Slayings a challenge for Pine Bluff; violent image distracts from city’s good, leaders say

PINE BLUFF -- Candiss Caldwell says there are two cultures in Pine Bluff.

One side is optimistic about residents' ability to revitalize the area and return it to the more vibrant Pine Bluff that the 31-year-old Caldwell remembers from childhood. The other side "doesn't see any growth," she says. "All they see is the disparity."

Those two perspectives were on display on Main Street on Wednesday, the morning after the city's fourth fatal shooting in three days. At a salon and barbershop just a few blocks apart, residents grappled with what the killings would mean for the city's future and its unwelcome reputation as a hotbed of violent crime.

At Pop's Barber & Beauty Shop, a barber's electric clippers hummed as he swiped them over his client's head and ticked off the problems contributing to the city's "steady decline." He was critical of area schools and what he described as few job opportunities, a fractious City Council and limited options for young people.

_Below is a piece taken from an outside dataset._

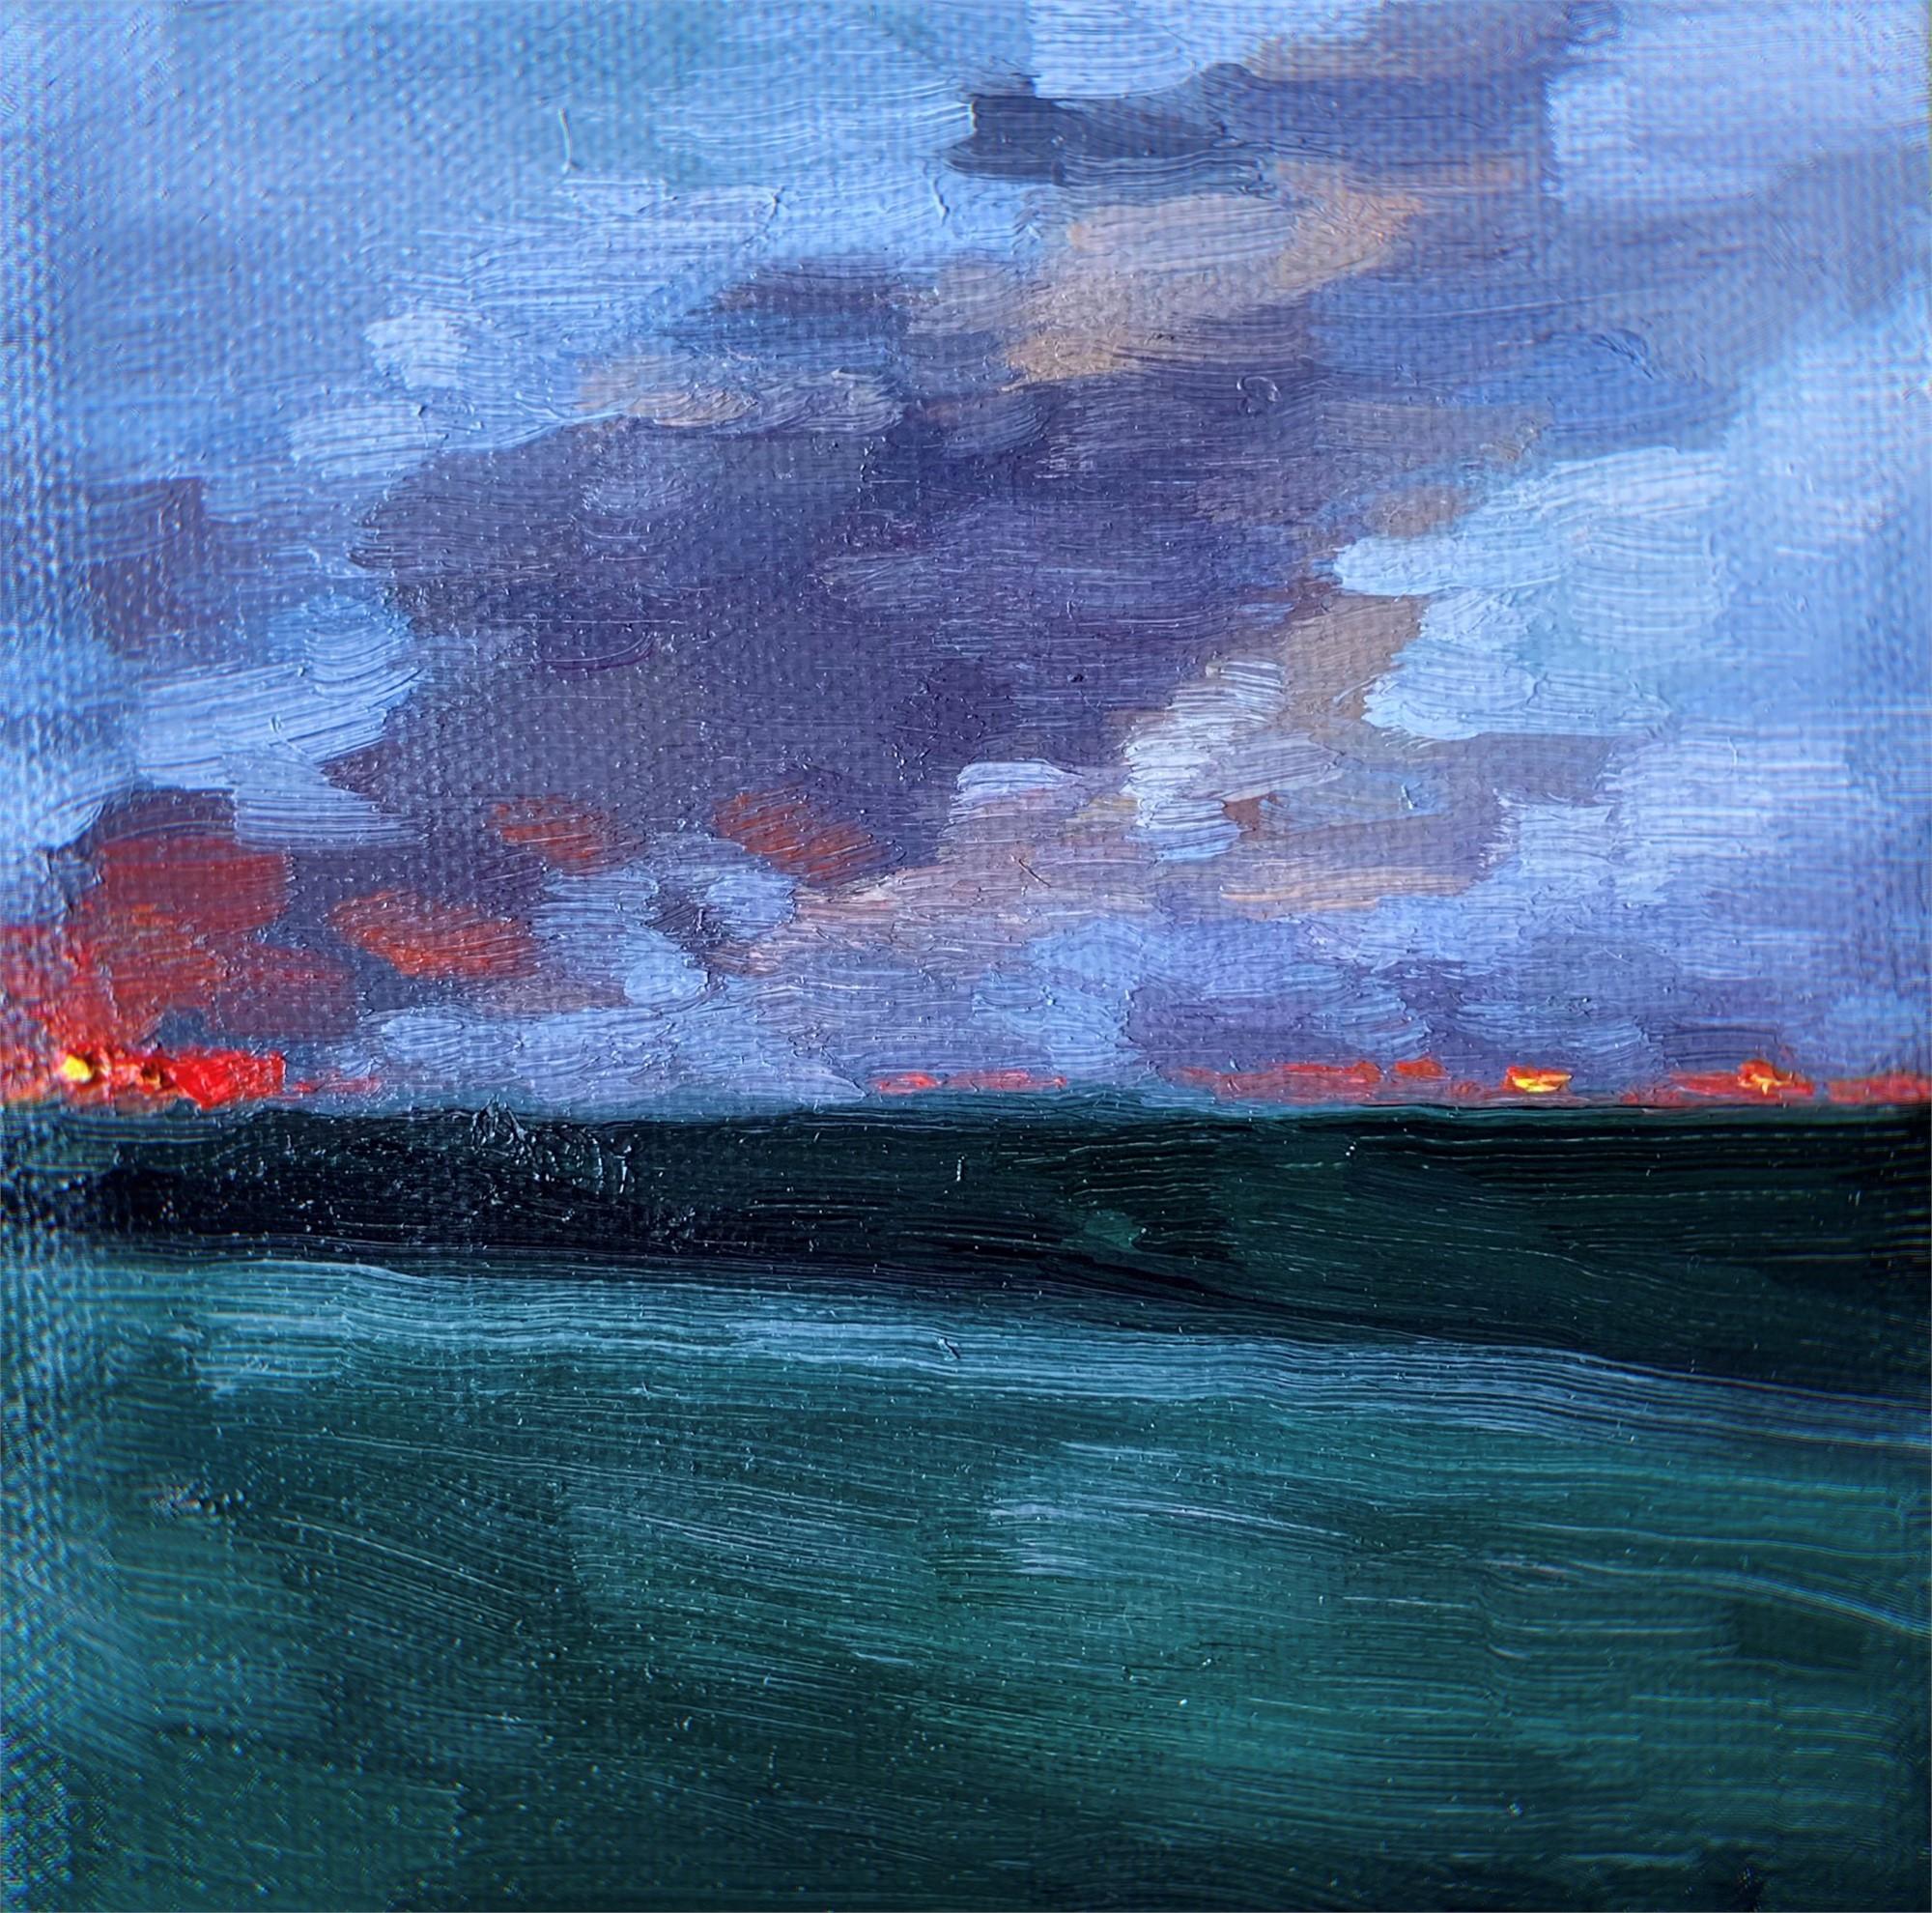 Burning 3 by Daliah Ammar

"They ain't got nothing to do. ... They just out here acting out," he said. "We ain't got nothing here."

But up the street, where Caldwell works as a part-time bookkeeper at Uptown Salon & Boutique (she also owns a graphic design business), salon owner Wil Jenkins said he wouldn't allow recent violence to stand in the way of his efforts to re-energize the city's downtown and bring Pine Bluff back.

"[Violent crime is] not stopping the plans," he said. "We're moving forward. Every city has to deal with crime."

Jenkins, who moved to Pine Bluff to be near grandkids a few years ago and said he owns four buildings nearby, had marched in an anti-violence demonstration on Main Street that same morning, affixing a "Stop the Violence" sign to the front of the salon.

Though the surrounding blocks have their share of boarded-up buildings and shattered plate glass, Jenkins pointed to signs of life in the neighborhood, including his salon, a new bar across the street and a cupcake shop and coffee place around the corner on Barraque Street.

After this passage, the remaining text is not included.